_What to work on_
The lines below are to be quoted exactly, from the first through the one that contains "同昇玫瑰庄园G2: 三室 二厅 二卫 108-115㎡".

_Entries supplied_
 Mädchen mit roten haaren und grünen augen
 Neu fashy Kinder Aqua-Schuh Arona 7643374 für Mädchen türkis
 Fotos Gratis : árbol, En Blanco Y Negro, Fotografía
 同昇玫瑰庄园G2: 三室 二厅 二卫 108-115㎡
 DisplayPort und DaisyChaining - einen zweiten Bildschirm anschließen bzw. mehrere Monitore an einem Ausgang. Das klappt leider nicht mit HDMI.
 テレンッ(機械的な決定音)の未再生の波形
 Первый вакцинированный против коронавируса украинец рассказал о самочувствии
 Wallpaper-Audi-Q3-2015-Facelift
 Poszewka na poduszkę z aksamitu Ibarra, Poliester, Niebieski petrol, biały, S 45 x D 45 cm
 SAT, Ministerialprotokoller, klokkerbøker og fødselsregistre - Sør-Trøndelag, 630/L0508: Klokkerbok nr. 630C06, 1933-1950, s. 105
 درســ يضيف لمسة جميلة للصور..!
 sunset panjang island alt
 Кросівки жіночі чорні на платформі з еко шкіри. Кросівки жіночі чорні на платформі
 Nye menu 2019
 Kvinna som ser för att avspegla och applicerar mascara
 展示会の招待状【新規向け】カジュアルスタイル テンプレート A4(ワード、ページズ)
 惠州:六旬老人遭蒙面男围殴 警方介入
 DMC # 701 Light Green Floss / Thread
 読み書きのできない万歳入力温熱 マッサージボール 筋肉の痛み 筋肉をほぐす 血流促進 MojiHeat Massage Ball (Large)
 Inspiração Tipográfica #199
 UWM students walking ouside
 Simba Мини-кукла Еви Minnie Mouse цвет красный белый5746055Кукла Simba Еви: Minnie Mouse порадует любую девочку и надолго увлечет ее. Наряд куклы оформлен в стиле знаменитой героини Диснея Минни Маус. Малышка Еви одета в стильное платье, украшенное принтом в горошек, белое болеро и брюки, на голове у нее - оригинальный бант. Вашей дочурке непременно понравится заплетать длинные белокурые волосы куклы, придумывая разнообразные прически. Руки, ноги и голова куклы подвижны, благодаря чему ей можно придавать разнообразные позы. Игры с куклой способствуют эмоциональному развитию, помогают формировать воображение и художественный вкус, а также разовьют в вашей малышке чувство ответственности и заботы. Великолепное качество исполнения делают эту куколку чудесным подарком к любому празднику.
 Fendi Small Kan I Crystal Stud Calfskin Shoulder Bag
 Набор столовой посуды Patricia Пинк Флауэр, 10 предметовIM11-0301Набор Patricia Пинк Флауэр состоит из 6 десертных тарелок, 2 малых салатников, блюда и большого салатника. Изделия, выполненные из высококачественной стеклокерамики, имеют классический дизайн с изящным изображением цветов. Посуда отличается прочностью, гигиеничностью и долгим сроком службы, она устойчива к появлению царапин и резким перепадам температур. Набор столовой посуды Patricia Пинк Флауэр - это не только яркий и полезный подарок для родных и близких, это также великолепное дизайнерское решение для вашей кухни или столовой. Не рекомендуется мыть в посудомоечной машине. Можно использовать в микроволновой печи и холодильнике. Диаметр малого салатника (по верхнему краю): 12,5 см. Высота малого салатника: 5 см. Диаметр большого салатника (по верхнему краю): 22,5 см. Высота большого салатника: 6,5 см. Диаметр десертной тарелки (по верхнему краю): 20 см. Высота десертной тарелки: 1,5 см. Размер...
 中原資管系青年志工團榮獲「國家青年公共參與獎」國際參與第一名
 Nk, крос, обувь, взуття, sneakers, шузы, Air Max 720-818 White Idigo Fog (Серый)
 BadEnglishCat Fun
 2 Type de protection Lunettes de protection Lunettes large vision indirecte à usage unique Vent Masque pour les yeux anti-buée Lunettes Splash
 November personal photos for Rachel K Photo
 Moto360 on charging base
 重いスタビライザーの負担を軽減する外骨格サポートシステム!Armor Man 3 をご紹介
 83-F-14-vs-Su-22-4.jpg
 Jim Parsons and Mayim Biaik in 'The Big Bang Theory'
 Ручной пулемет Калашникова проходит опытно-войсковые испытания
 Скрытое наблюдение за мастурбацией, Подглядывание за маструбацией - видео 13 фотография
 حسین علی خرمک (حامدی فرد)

_Expected output_
 Mädchen mit roten haaren und grünen augen
 Neu fashy Kinder Aqua-Schuh Arona 7643374 für Mädchen türkis
 Fotos Gratis : árbol, En Blanco Y Negro, Fotografía
 同昇玫瑰庄园G2: 三室 二厅 二卫 108-115㎡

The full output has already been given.